Ефросинья положила голову ей на колени.
– Это что ж получается? Призрак графини тут сорок дней ходить будет?– испуганно спросила девка.
– Тьфу на тебя…Дурная. А даже если и будет ходить, пущай… Так положено.
Аглая гладила черные растрепанные волосы Ефросиньи. Обе они думали о том, что их ждет. Борис не был так добр к прислуге. Теперь совсем с ума спятит.
В комнату Аглаи заглянули Паранья, да Любава.
– Тетушка Аглая, разреши у тебя побыть. Хозяин воет, словно волк. Страшно нам,– потупя взор попросила Паранья.
– Не уснуть этой ночью,– вздохнула Аглая.– Проходите.
Девицы залезли на кровать кухарки. Так и сидели вчетвером, глядя на тень, отбрасываемую свечой, вздрагивали от каждого скрипа.
Борис, сморщившись, опрокинул очередную рюмку водки. Он страстно любил погибшую жену. Любил с такой силой, что готов был отдать в адово пламя всех своих четверых детей, лишь бы вернуть Александру.
– Александра моя…Неугомонная глупая баба..,– повторял он портрету, висящему на стене.
С портрета, весело улыбаясь, глядела огромными голубыми глазами Александра. Он ясно помнил день, когда был закончен портрет, потому- что ненавидел эту шляпу с несуразными розовыми перьями, обожаемую ею. Жена называла ее чудной.
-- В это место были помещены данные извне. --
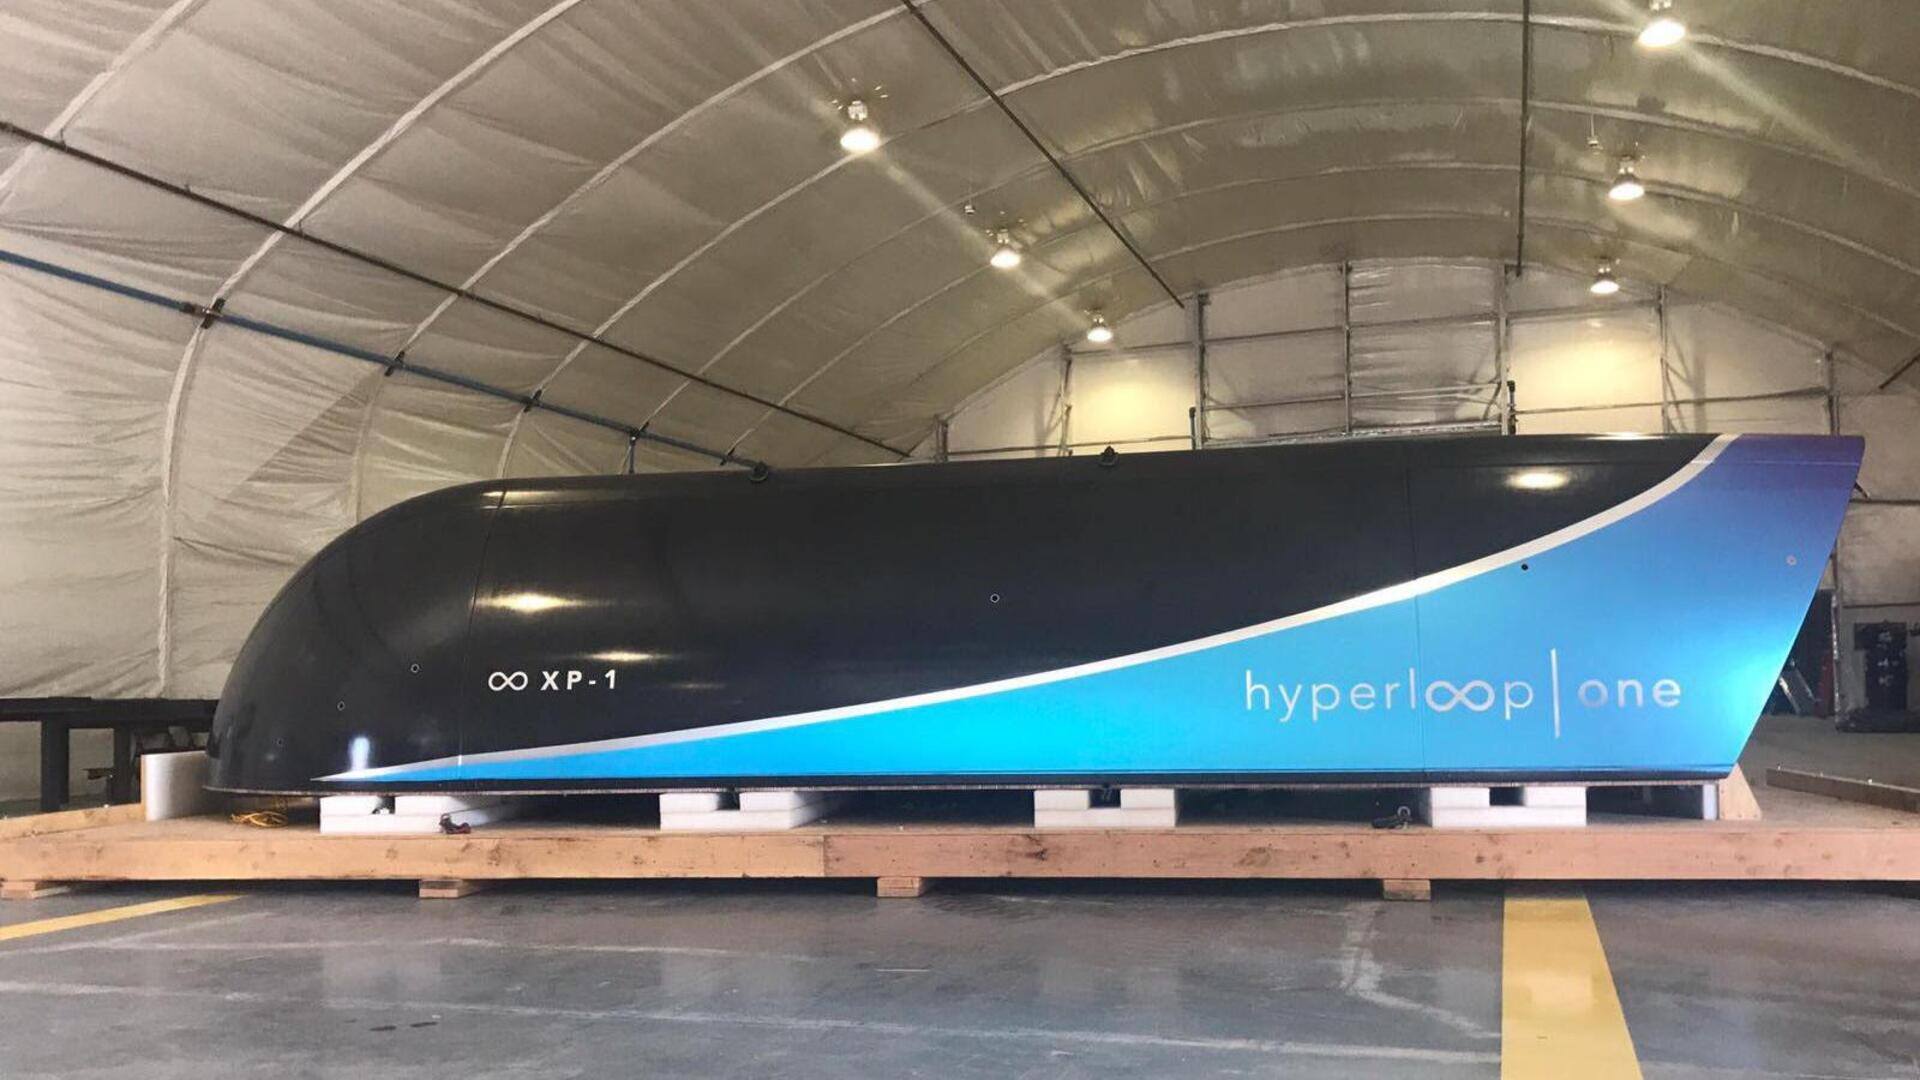 Richard Branson-backed Hyperloop One is shutting down
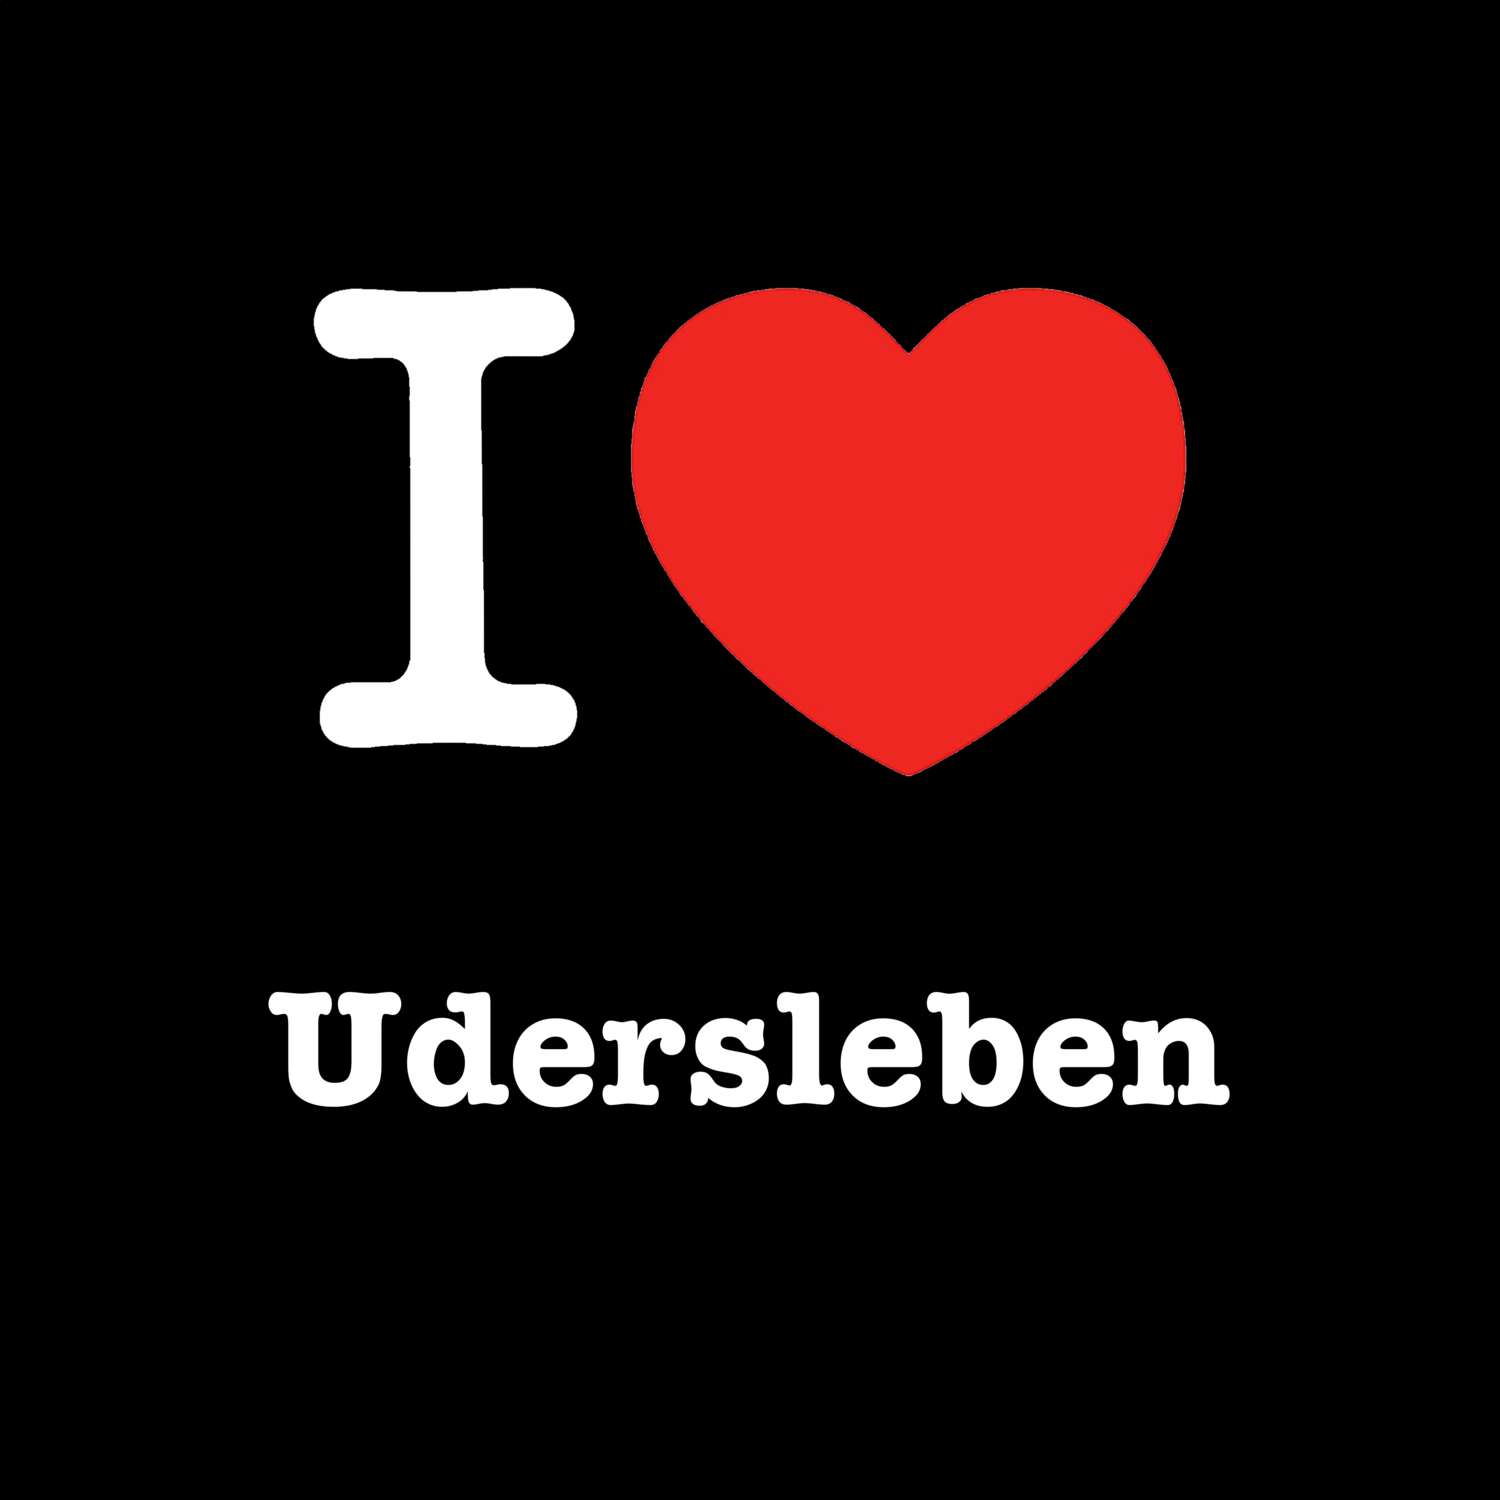 Udersleben T-Shirt »I love«

– Она подходит к моему розовому платью,– крутилась как девчонка перед ним Александра.
– И платье нелепое. Отвратительно поросячий цвет.
– Мне не понятна твоя ненависть к розовому, Борис,– смеясь, она поправила локоны.
В ответ он лишь покачал головой. Женщины…
Воспоминания захлестнули его. В ушах он явственно услышал ее голос. В носу стоял сладостный аромат ее тела.
Жар не давал дышать. Борис с яростью разорвал на себе ворот рубахи.
– Как жить без тебя?! Для чего?! Пойти, да утопиться!
Граф разрыдался не в силах совладать с собой. Он колотил себя по голове, рвал на себе волосы. Он бы задушил ее в объятиях, если бы она возникла перед ним прямо сейчас. Да хоть из самой преисподней. Он отрекся бы от веры, сжег кресты и иконы, лишь бы вернуть ее. И он не боялся гнева Господнего за свои мысли. Бог не может судить любовь.
– Папенька,– заглянула к отцу в кабинет Анна.
– Иди вон!– в ярости он ударил кулаком по столу.
Анна захлопнула дверь. Девицу колотило мелкой дрожью.
– Что теперь будет?– прижалась к ней Марфа.
Старшая сестра поцеловала ее в макушку.
– Не знаю, Марфа. Ох, не знаю. Вся надежда на Ивана. Пойдем.